Do you guys see any drawback in this approach?
Since I think they are related and easily adaptable for CronJobs as well, this is my solution: https://github.com/GoogleCloudPlatform/cloudsql-proxy/issues/128#issuecomment-413444029
It is based on one of the workarounds posted here but uses preStop
because it's meant to be for deployments. Trapping the sidecar would work wonderfully tho.
Following this issue. Also using cloud_sql_proxy container as side car in cronjob
I used the timeout implementation by @stiko
Just adding to the conversation the solution proposed by @oxygen0211 on using Replace is a decent workaround for now, be sure to check it out if you run into this issue like I did.
https://github.com/kubernetes/kubernetes/issues/25908#issuecomment-327396198
We have got this KEP provisionally approved https://github.com/kubernetes/community/pull/2148, we still have a few things we need to agree on but hopefully it will get to a place where work can start on it relatively soon.

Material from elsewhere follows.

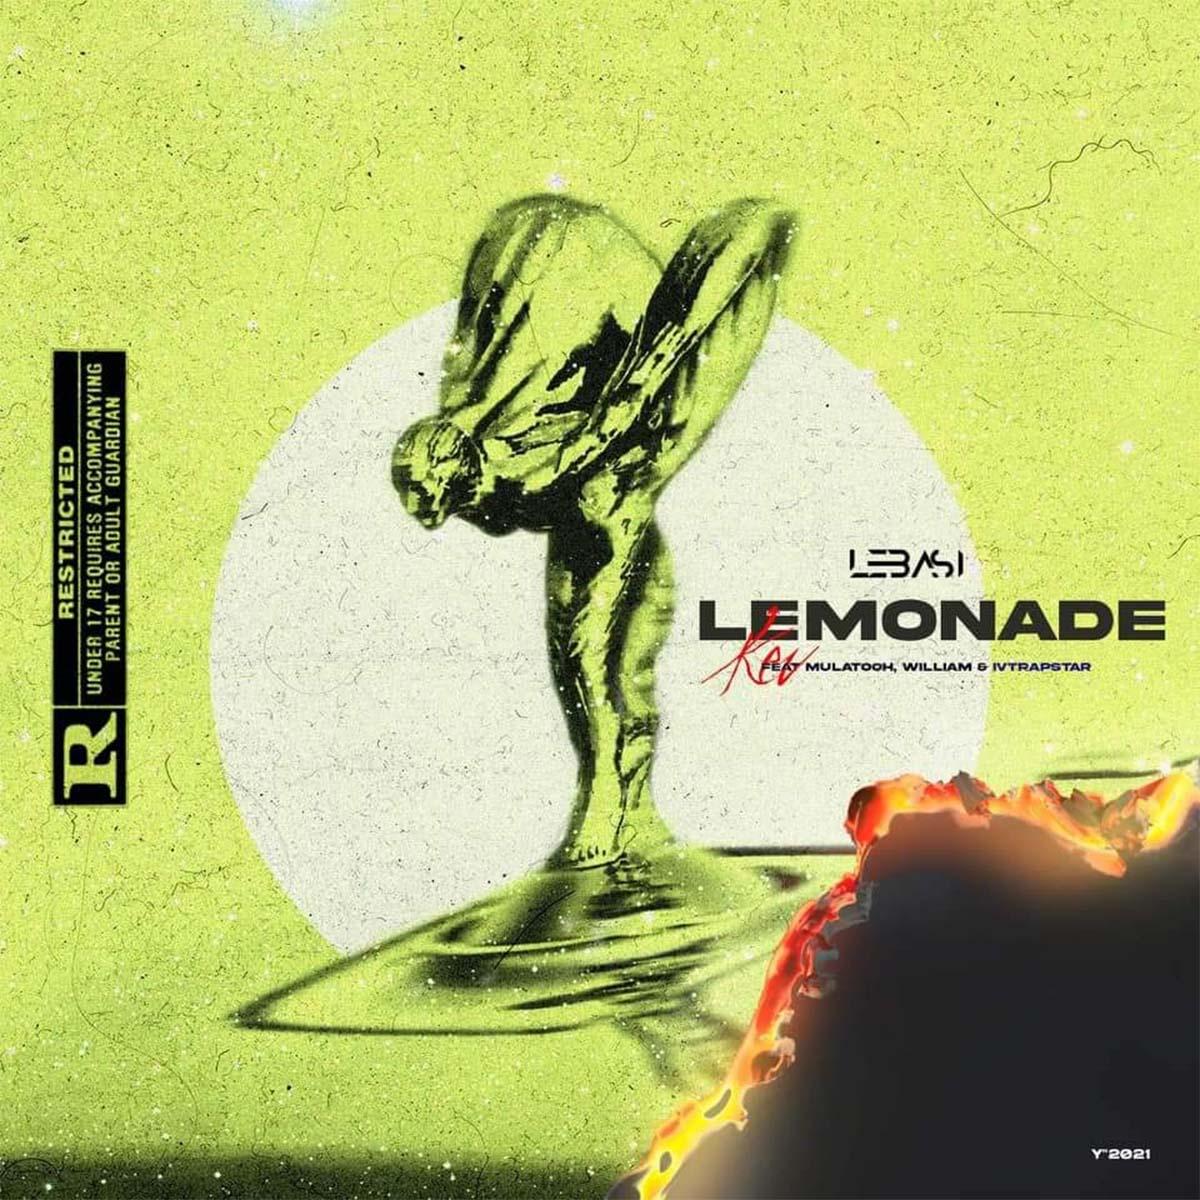 Kev - Lemonade (feat. Mulatooh, William Sardinha & Ivtrapstar)
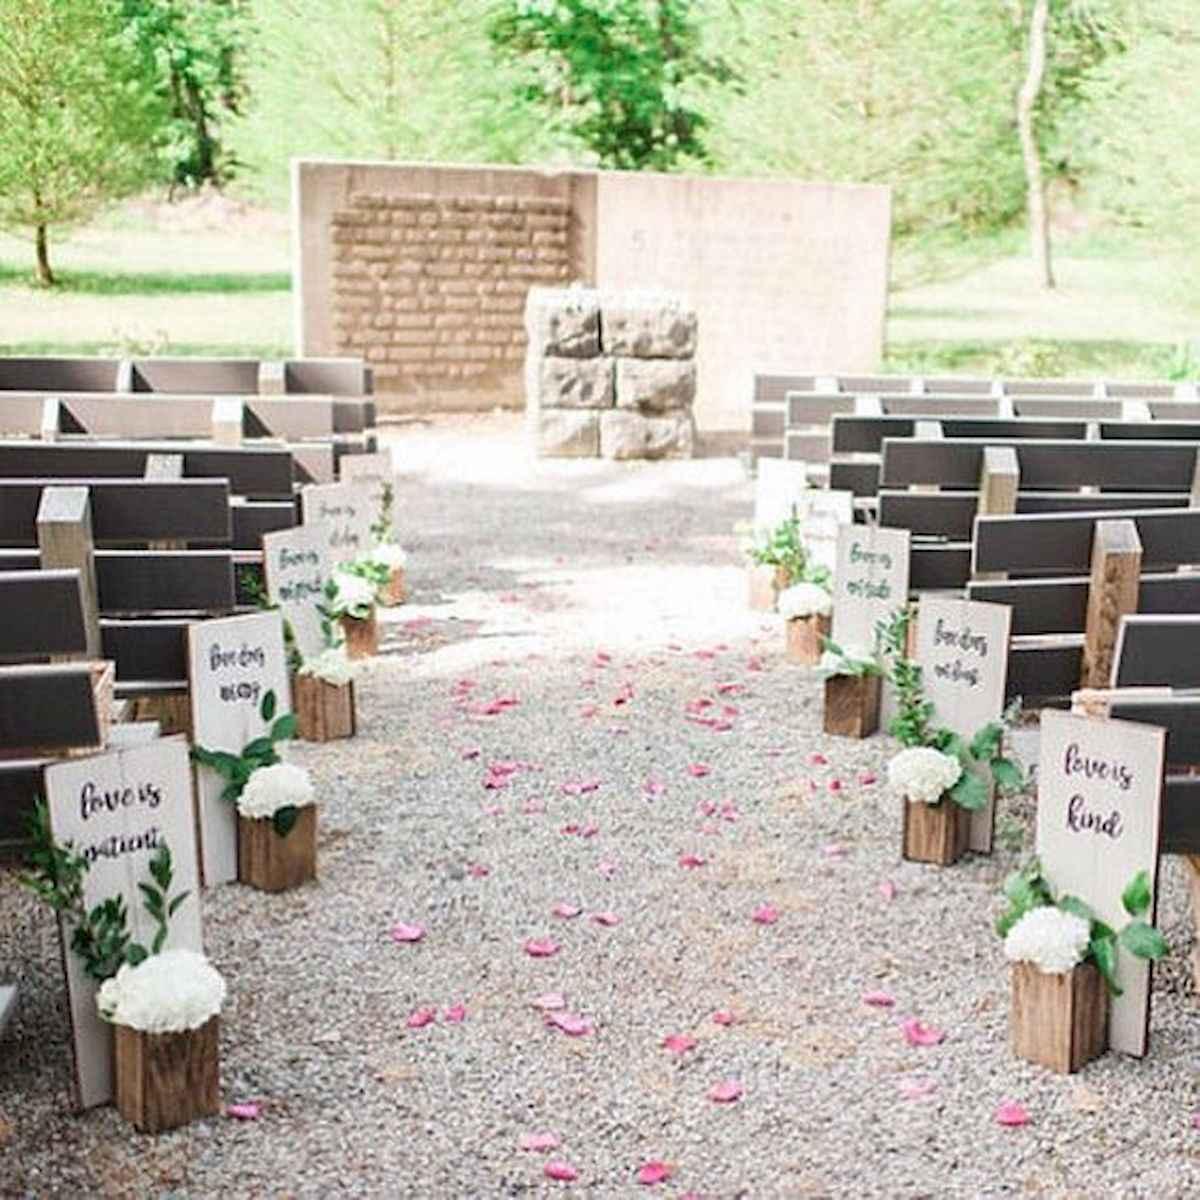 40 awesome backyard wedding decor ideas (36)

Note KEPs will be moving to https://github.com/kubernetes/enhancements on the 30th, so if you want to follow along it will be over there.
Until the sidecar support arrives you can use a docker-level solution which can be easily removed later: https://gist.github.com/janosroden/78725e3f846763aa3a660a6b2116c7da
It uses a privileged container with a mounted docker socket and standard kubernetes labels to manage containers in the job.
We were having the same issue with Istio and its side car, and what we've decided to do is delete the pod via curl + preStop hook like this
give your job a minimal RBAC rule like this
apiVersion: v1
kind: ServiceAccount
metadata:
name: myservice-job
---
kind: Role
apiVersion: rbac.authorization.k8s.io/v1
metadata:
name: myservice-role
rules:
- apiGroups: [""]
resources: ["pods"]
verbs: ["delete"]
---
kind: RoleBinding
apiVersion: rbac.authorization.k8s.io/v1
metadata:
name: myservice-job-rolebinding
subjects:
- kind: ServiceAccount
name: myservice-job
roleRef:
apiGroup: rbac.authorization.k8s.io
kind: Role
name: myservice-role
and POD_NAME
and POD_NAMESPACE
to your ENV like so
env:
- name: POD_NAME
valueFrom:
fieldRef:
fieldPath: metadata.name
- name: POD_NAMESPACE
valueFrom:
fieldRef:
fieldPath: metadata.namespace
and finally, add a preStop hook like
lifecycle:
preStop:
exec:
command:
- "/bin/bash"
- "-c"
- "curl -X DELETE -H "Authorization: Bearer $(cat /var/run/secrets/kubernetes.io/serviceaccount/token)" --cacert /var/run/secrets/kubernetes.io/serviceaccount/ca.crt https://$KUBERNETES_SERVICE_HOST/api/v1/namespaces/$POD_NAMESPACE/pods/$POD_NAME?gracePeriodSeconds=1"
Kind of messy but a little safer and less fincky than trying to kill the right docker container.
Just throwing this in here, but i threw together a controller a while back which was meant to monitor running pod changes, and send a SIGTERM to sidecar containers appropriately. It's definitely not the most robust, and honestly I haven't used it in a while, but may be of help.
Thanks to @jpalomaki at https://github.com/kubernetes/kubernetes/issues/25908#issuecomment-371469801 for the suggestion to run cloud_sql_proxy
as a deployment with ClusterIP
service, and to @cvallance at https://github.com/kubernetes/kubernetes/issues/25908#issuecomment-364255363 for the tip on setting tcp:0.0.0.0
in the cloud_sql_proxy
instances
parameter to allow non-local connections to the process. Together those made it painless to let cron jobs use the proxy.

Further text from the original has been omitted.